Your copy of the listing should match it exactly, only without pictures.

*** Data shown

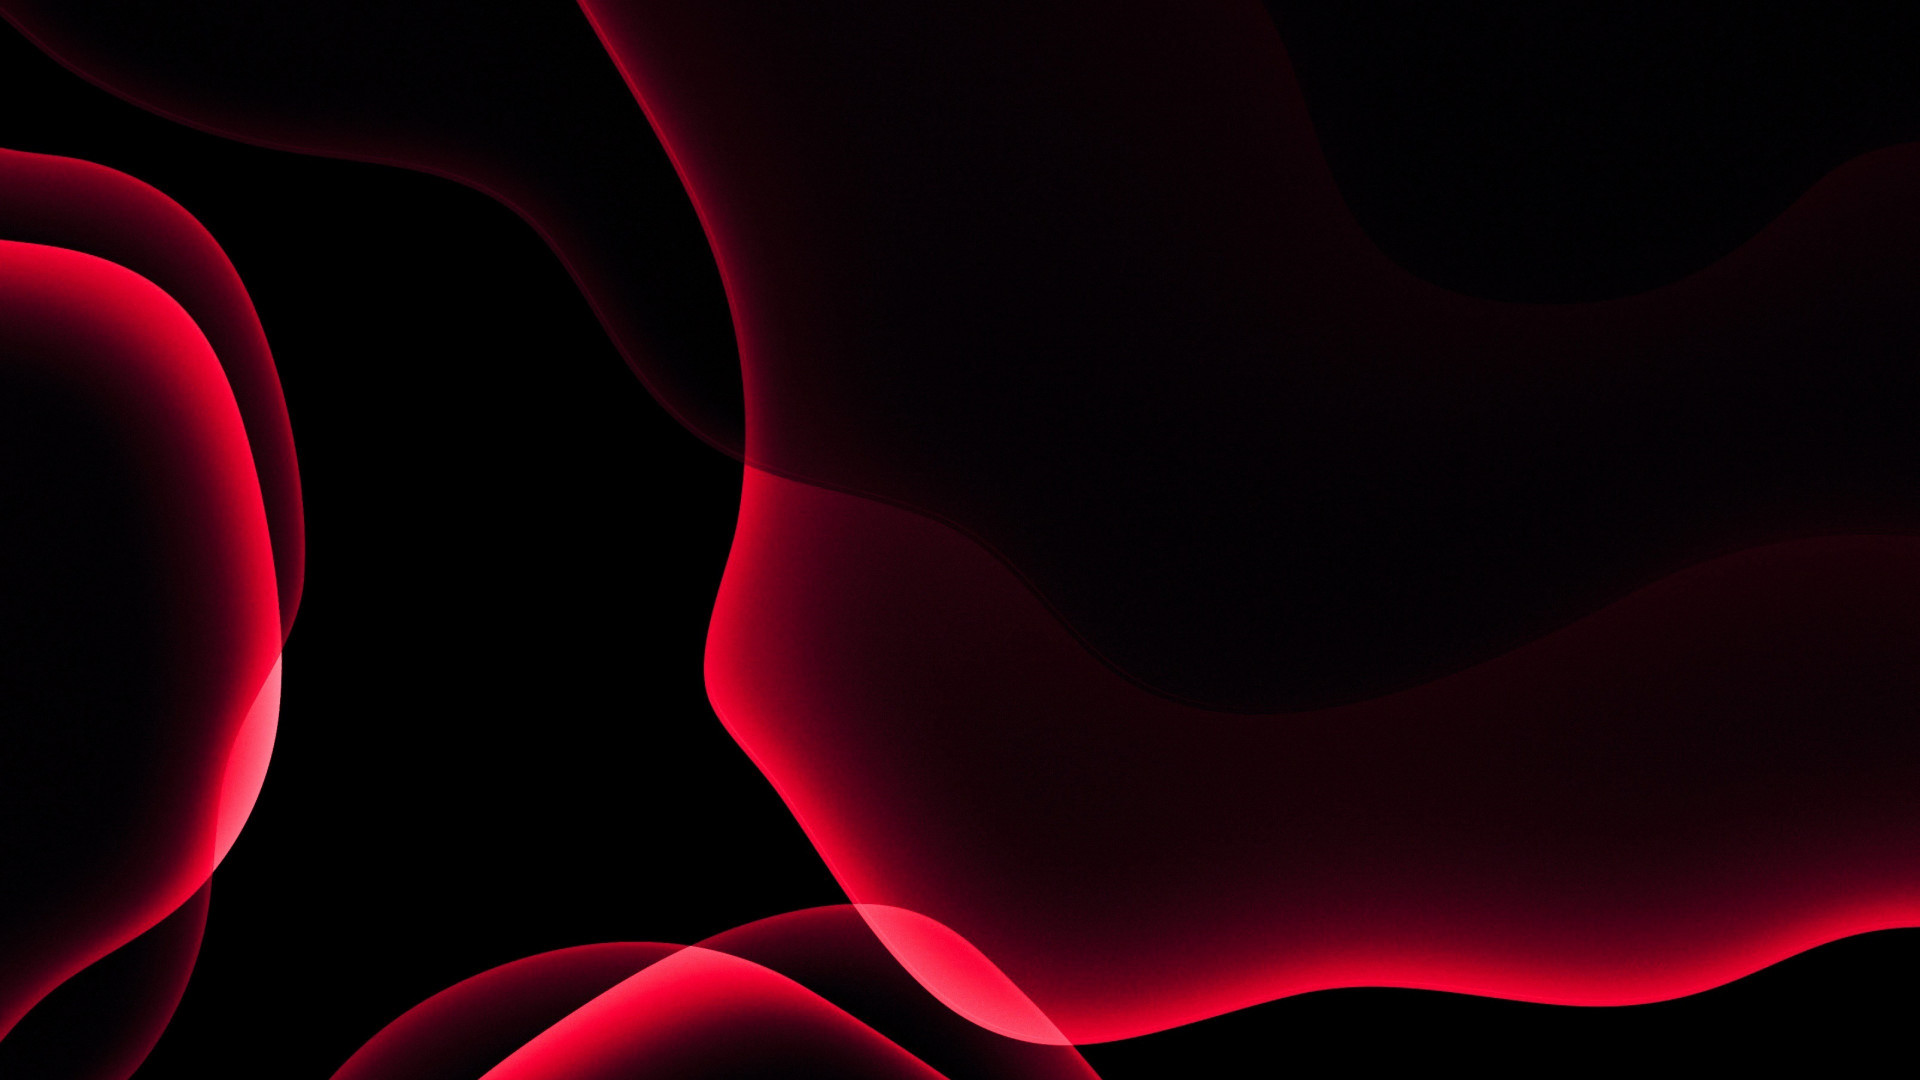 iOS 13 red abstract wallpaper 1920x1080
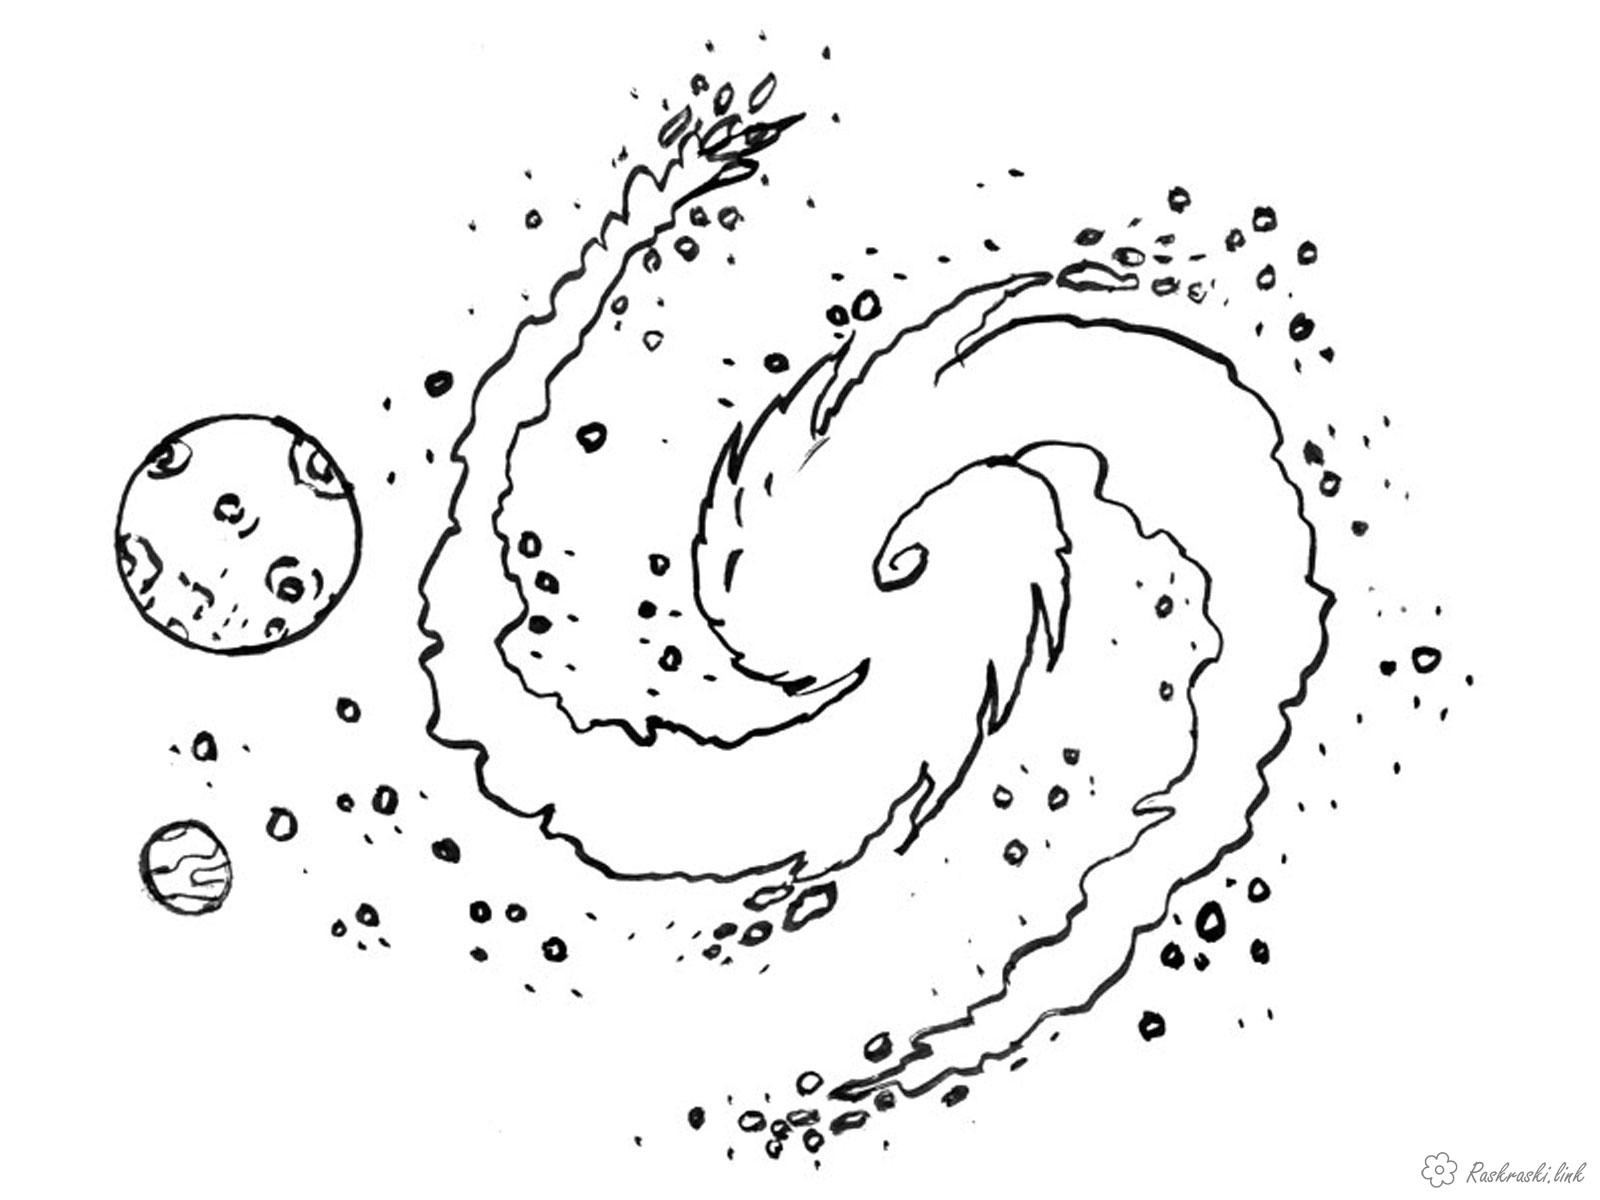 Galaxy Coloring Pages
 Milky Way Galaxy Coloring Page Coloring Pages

******

[Output for this task]
 iOS 13 red abstract wallpaper 1920x1080
 Galaxy Coloring Pages
 Milky Way Galaxy Coloring Page Coloring Pages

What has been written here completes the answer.